Science, Education, and Character: Reflections on the First Fifty Years of the Peabody Museum, 1866–1916

Date and Time

October 6, 2016
06:00PM - 06:00PM EDT

Location

Geological Lecture Hall, 24 Oxford Street, Cambridge

Cast Room

Free Public Lecture

Curtis Hinsley, Regents’ Professor Emeritus of History and Comparative Cultural Studies, Northern Arizona University  

The Peabody Museum was founded at a time of epistemological and political turmoil, seven years after the publication of Darwin’s On the Origin of Species and one year after the end of the Civil War. The chaotic decades following the war proved to be an era of unprecedented economic opportunity, but also a time of corruption, disillusionment, and oppression.
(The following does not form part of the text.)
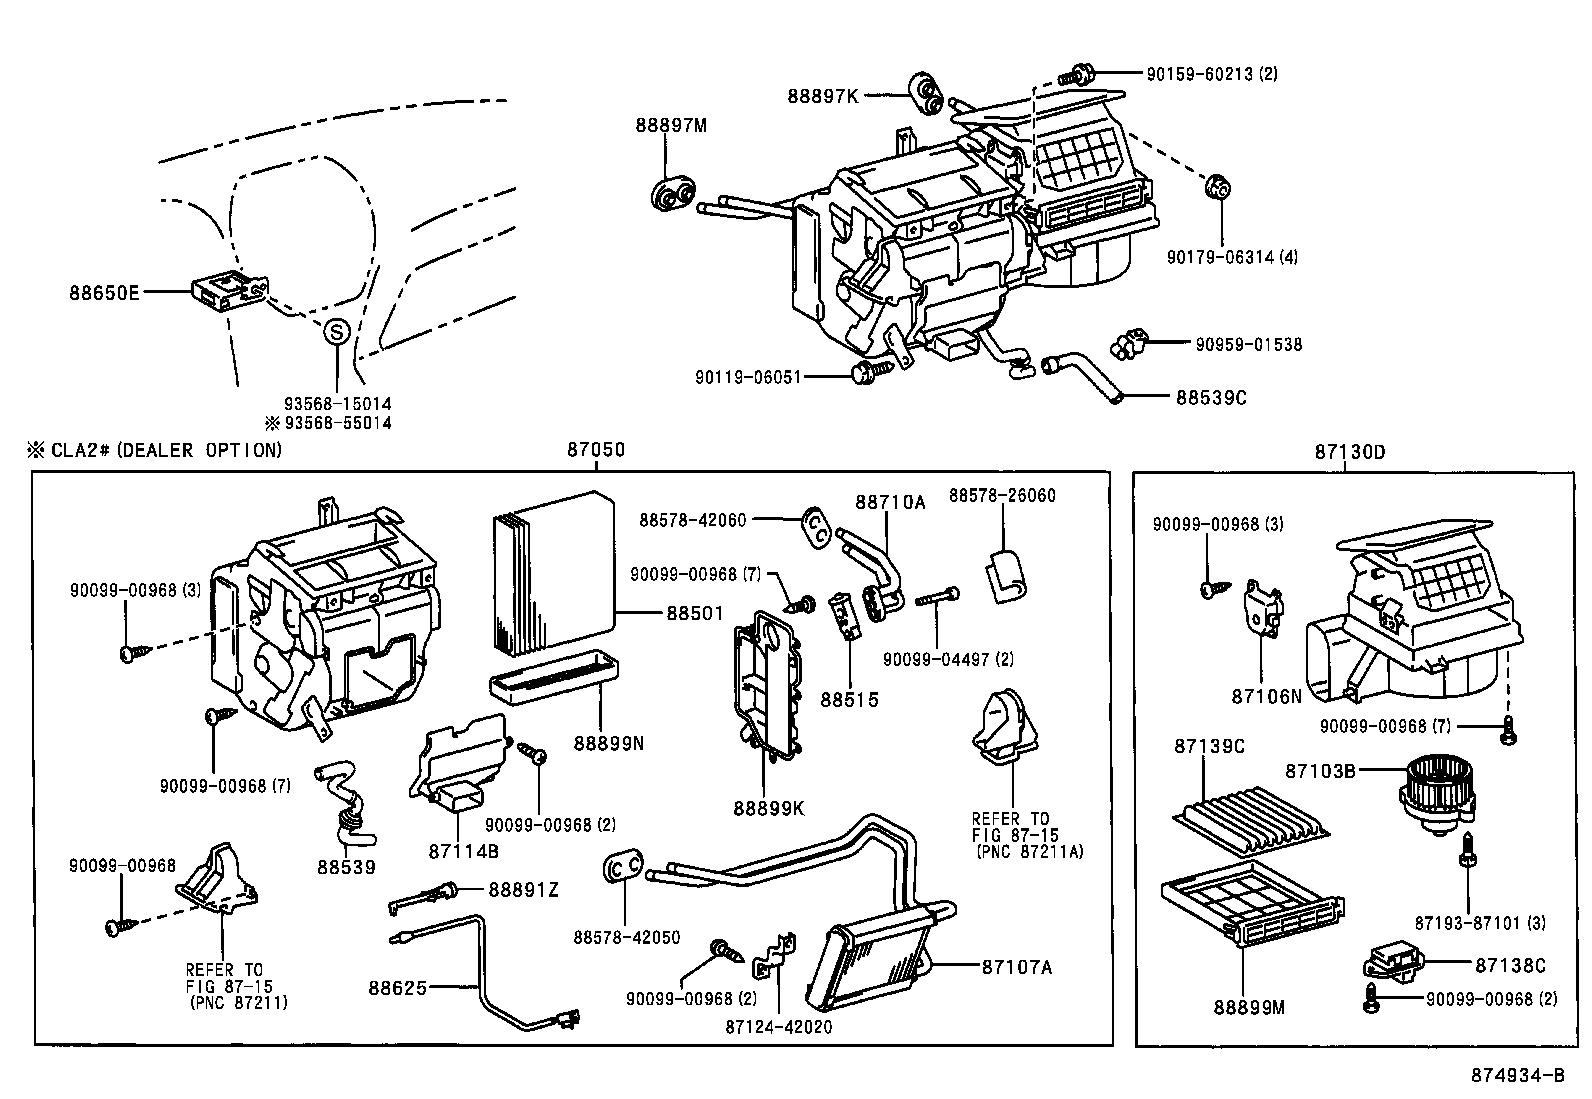 toyota rav4 parts diagram 1995 ford 7 3 diesel fuel system 2004 engine 2000 land cruiser

In the world of instruction, museums held the promise of teaching not only scientific facts, but proper values as well; a museum of anthropology might serve a vital moral function in the emerging society. As Peabody director Frederic Putnam wrote in 1891: “Many an indifferent idler straggling into a well-arranged museum goes forth with new ideas and fresh interests” to enrich “an otherwise aimless and weary life.” In this lecture Curtis Hinsley will consider the hopes and intentions of the Peabody Museum in its early years. 

Free event parking available at the 52 Oxford Street Garage.